Defendant is motivated to wrongfully discredit Det. Ames because he has spoken out truthfully on matters that discredit Mark Lindquist and expose his office to liability.

CP at 7.

Defendant is abusing its power and the judicial process to benefit itself and its officials and to mitigate against liability against the Prosecuting Attorney’s Office.

CP at 7.

*127Mark Lindquist has an apparent bias and prejudice against Det. Ames because he has spoken out against Mark Lindquist and his office and because he refuses to remain silent on matters of public concern that negatively impact the prosecutor’s office even though he has been directed to do so by Mark Lindquist and his deputies.

CP at 7-8.

¶75 Mark Lindquist is abusing the power of his office to retaliate against Detective Ames. The petition also characterizes the issue on declaratory judgment as

whether Det. Ames has been truthful or whether the prosecuting attorney’s office has been dishonest in characterizing the evidence and in its declarations and representations to the court.

CP at 9.

¶76 None of these claims have been proved. As shown above, however, that is not the standard before us when reviewing dismissal under CR 12(b)(6). Instead, we ask whether it is “beyond doubt” that the plaintiff can prove “no set of facts, consistent with the complaint, which would justify recovery.” No New Gas Tax, 160 Wn.2d at 164. With the evidence before us, it is certainly conceivable that Ames could prove additional facts consistent with his allegations of governmental abuse. Those allegations, if true, would directly contest the integrity of the criminal justice system and of an agency that administers it. Such issues rank high in any measure of public importance. More to the point, the relief Ames requests is a declaration that the materials at issue are not potential impeachment evidence. If he is able to prove his allegations, this relief would remove any misuse of the duty to disclose in this case and would discourage similar tactics in the future. As such, the “public interest would be enhanced by reviewing the case” which is the heart of the standard set by Anderson, 124 Wn.2d at 841, for determining whether an issue is of major public importance.

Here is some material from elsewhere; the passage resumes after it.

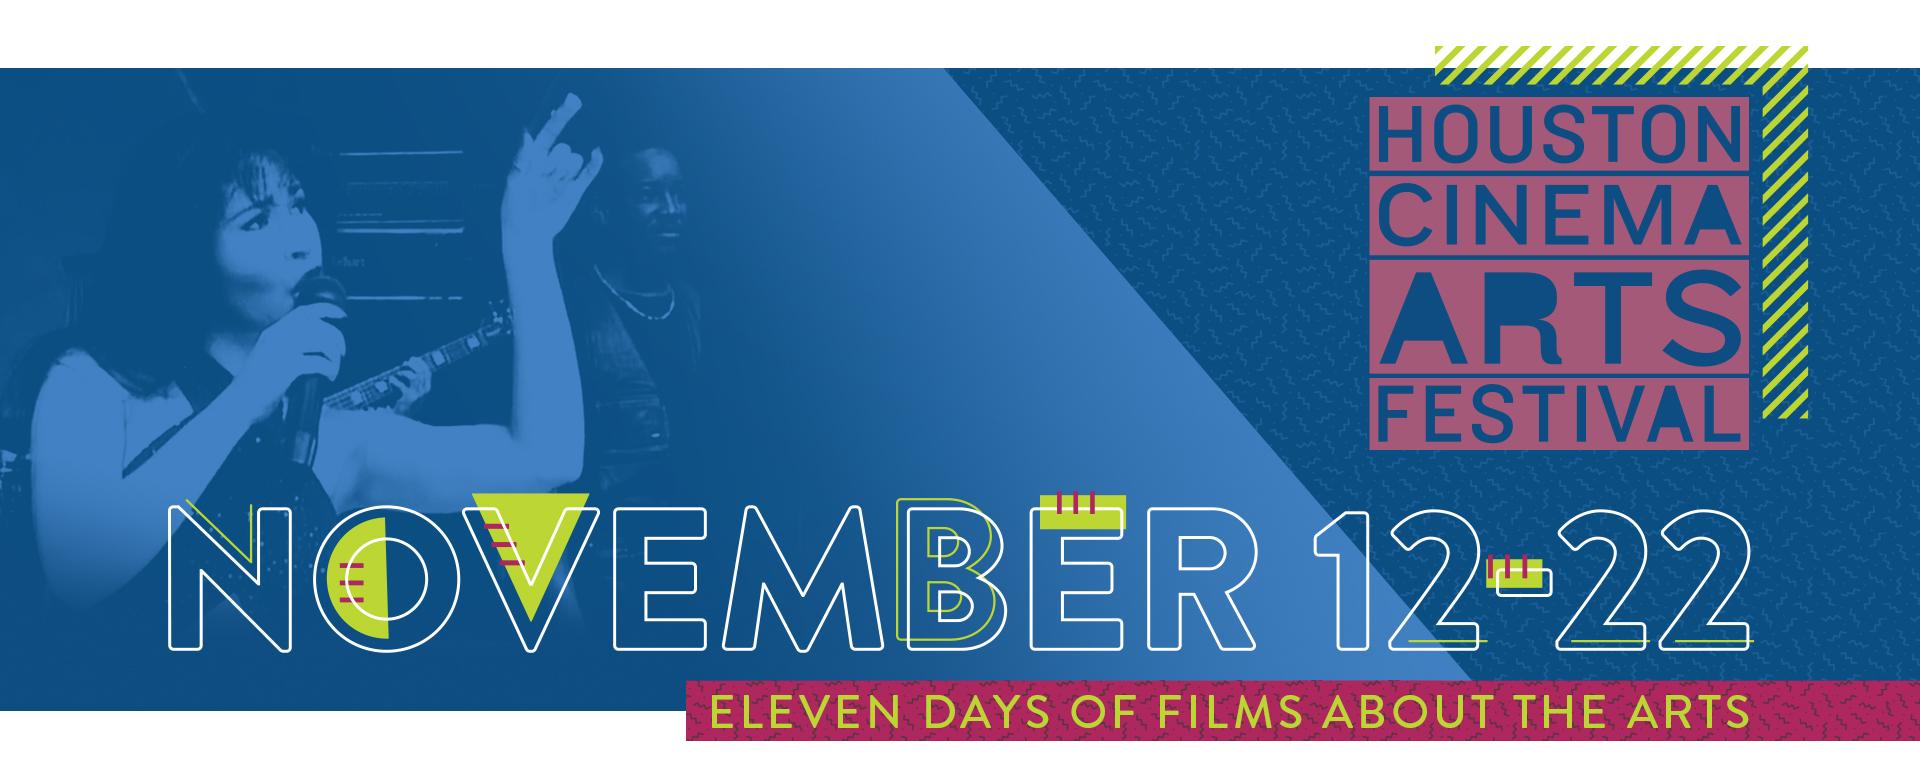 Houston Cinema Arts Festival 2020

*128¶77 The majority also makes the critical points that the prosecutor is under a duty to disclose potential impeachment evidence, that the prosecutor should err on the side of disclosure if in doubt, and that no one can adequately anticipate all possible uses that future defendants might make of the potential impeachment evidence at issue here. Before us, though, is a case where the principal evidence impeaching Ames was created by the prosecutor’s office, where the sequence of events could suggest some adversity between Ames and the prosecutor’s office, and where Ames’s petition alleges various flaws in the prosecutor’s development of the potential impeachment evidence. These allegations call into question whether the information created and released by the prosecutor in fact is legitimate potential impeachment evidence. If it is not, then the duty to disclose would likely not apply and future prosecutions would not be affected.

¶78 Against the backdrop of the evidence presented and the petition’s allegations, there are reasonably conceivable sets of facts Ames could have proved that would have raised issues of major public importance. With that, the petition for declaratory judgment should not have been dismissed under CR 12(b)(6). For that reason, I dissent.

After modification, further reconsideration denied July 26, 2016.

Review denied at 186 Wn.2d 1026 (2016).